Medium format inkjet printer

The Veris printer is a medium format (4 up) 1500 DPI color inkjet printer manufactured by the Graphic Communications Group of Eastman Kodak, which is used for digital Prepress proofing. A refinement of the Iris printer, the Veris also uses a continuous flow ink system to produce continuous-tone output on specially designed media. Unlike most inkjet printers which fire drops only when needed, the Veris uses eight 10 micrometer glass jets that operate continuously under high pressure, vibrated by a piezoelectric crystal to produce drops at a 1 MHz rate, or 8 million drops per second in total. Drops that are not needed to form the image are deflected electrostatically into a waste collection system, and individual drops can be directed to a specific position on the media. The Veris prints with the same quality of the Iris, only faster because of the larger number of jets (or pens as they are called).

==History==
The Veris printer was originally developed by Iris Graphics, which was acquired by Scitex and later merged with Creo Products Inc. In 2005 Creo was purchased by Kodak. The Veris was first released in 2004 and production of the Veris ended in 2008. Although, the product is still supported and in use as of 2010. Adoption of the Veris was less than stellar as the quality of drop-on-demand inkjet printers continues to approach the quality of Veris output.

==Prepress applications==

The Veris hardware and software is designed around needs of prepress proofing services with some notable features founded on process automation and process control principles.
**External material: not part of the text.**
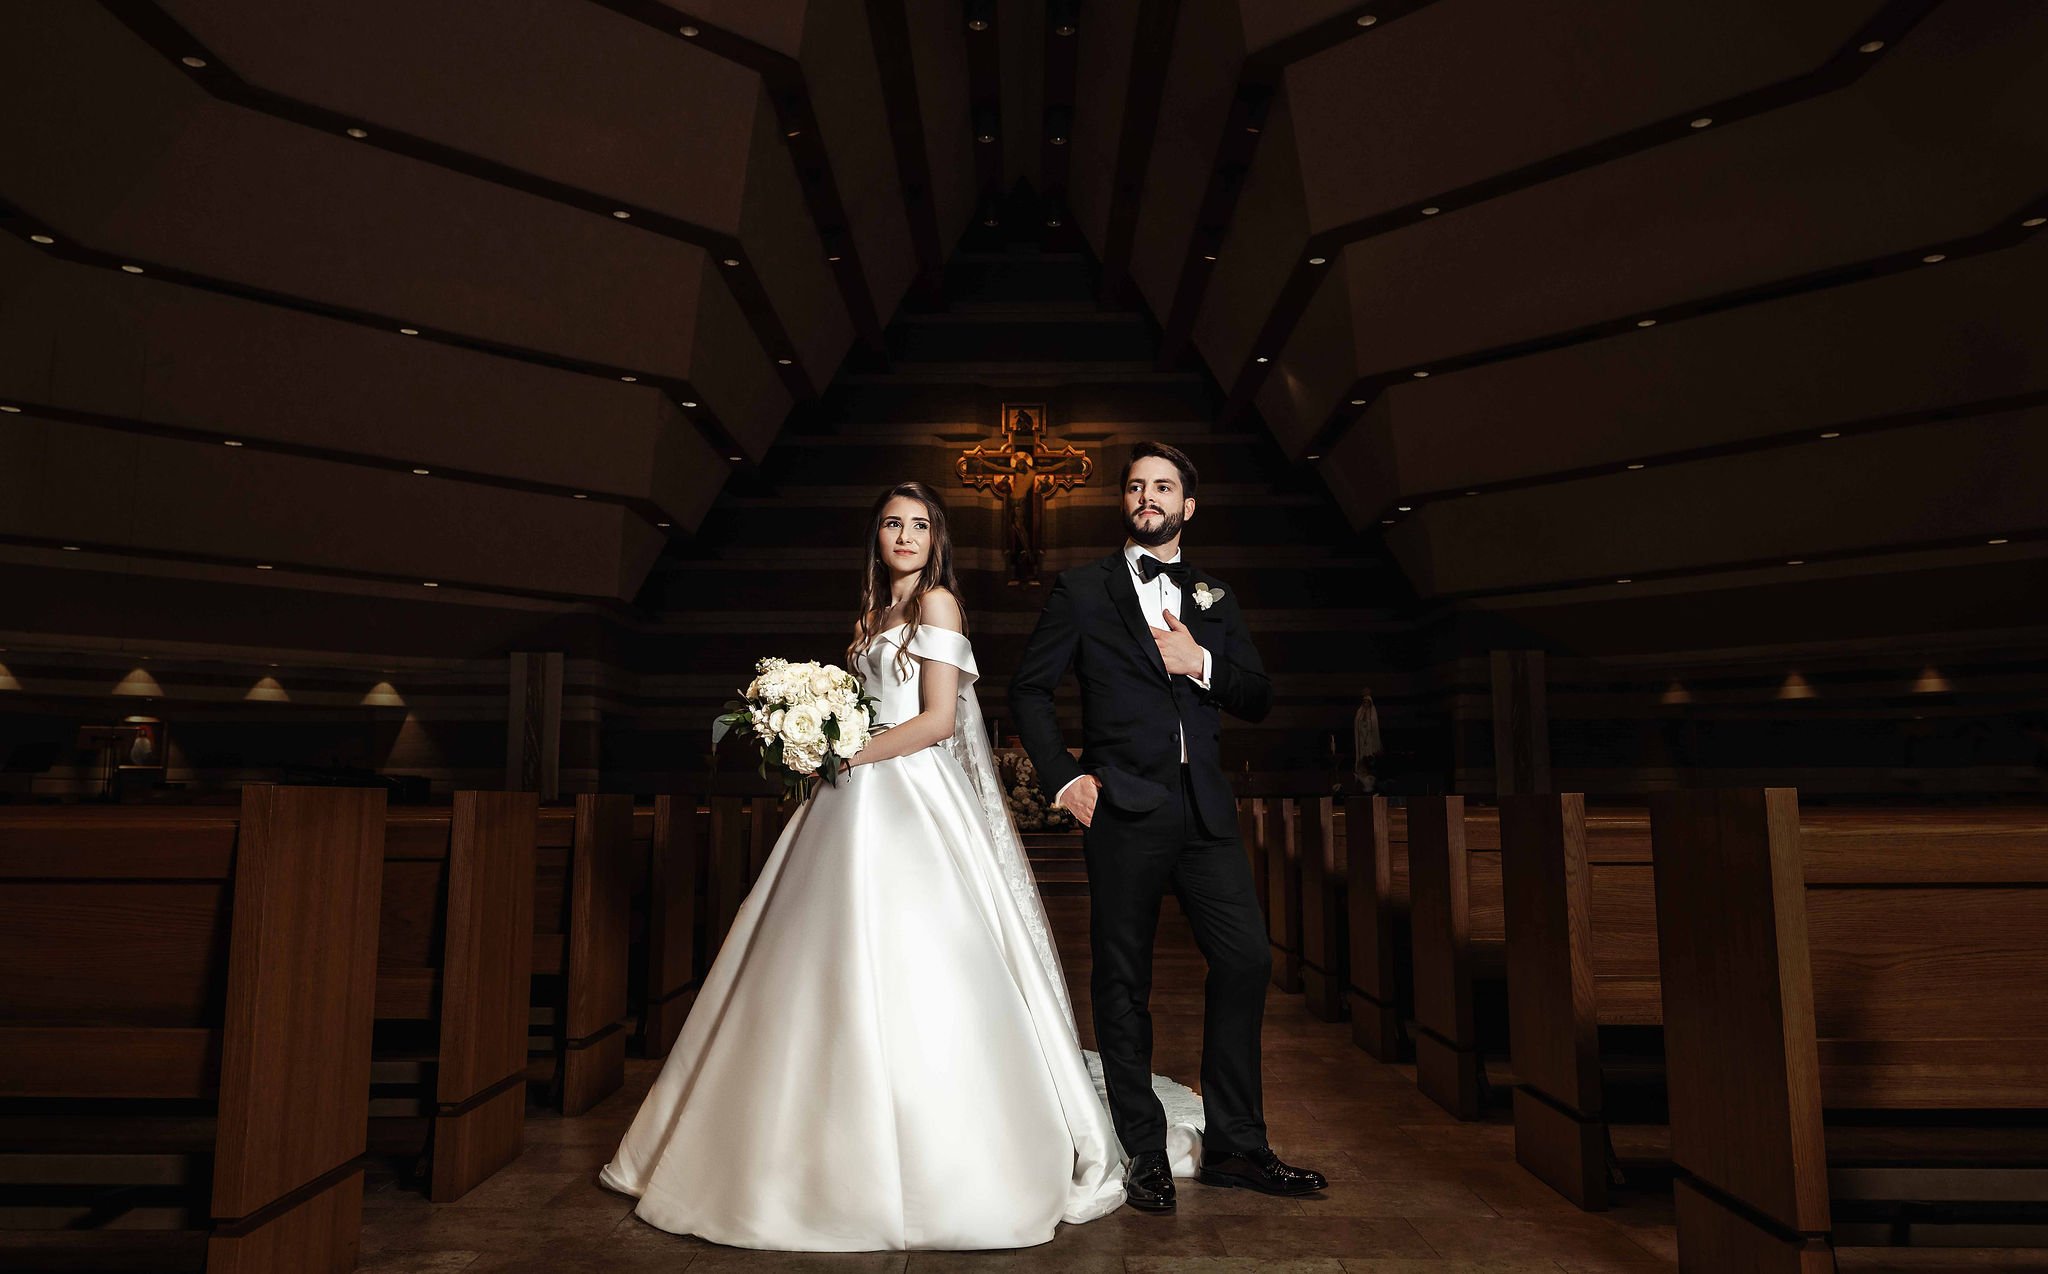 Dallas wedding couple - bride and groom - in church wedding.jpg

The Veris uses an automated stack fed media tray. The printer incorporates a small video camera that is used to scan media marks printed on the edges of the media. These are effectively like two-dimensional bar-code marks that uniquely identify each sheet of media and contain other information such as the media type and even the lot number the media was produced from. The software prevents the media from being printed on more than twice - it is possible to print on one half of the media, flip the media around and print on the other half. The software also prevents the wrong type of media from being used for the wrong job, and can search for the correct media from the input tray of the printer.

Later models of the Veris include an in-line spectrophotometer to further automate the calibration of the printer and verify the color standard of proofs printed. Around the same time Hewlett Packard added an in-line spectrophotometer to their HP 2100 printer. Years later Epson added an in-line spectrophotometer to their Stylus 7900/9900 printer line.

The Veris software evolved into the Kodak Proofing Software which is used to support Kodak's Approval and Matchprint InkJet solutions.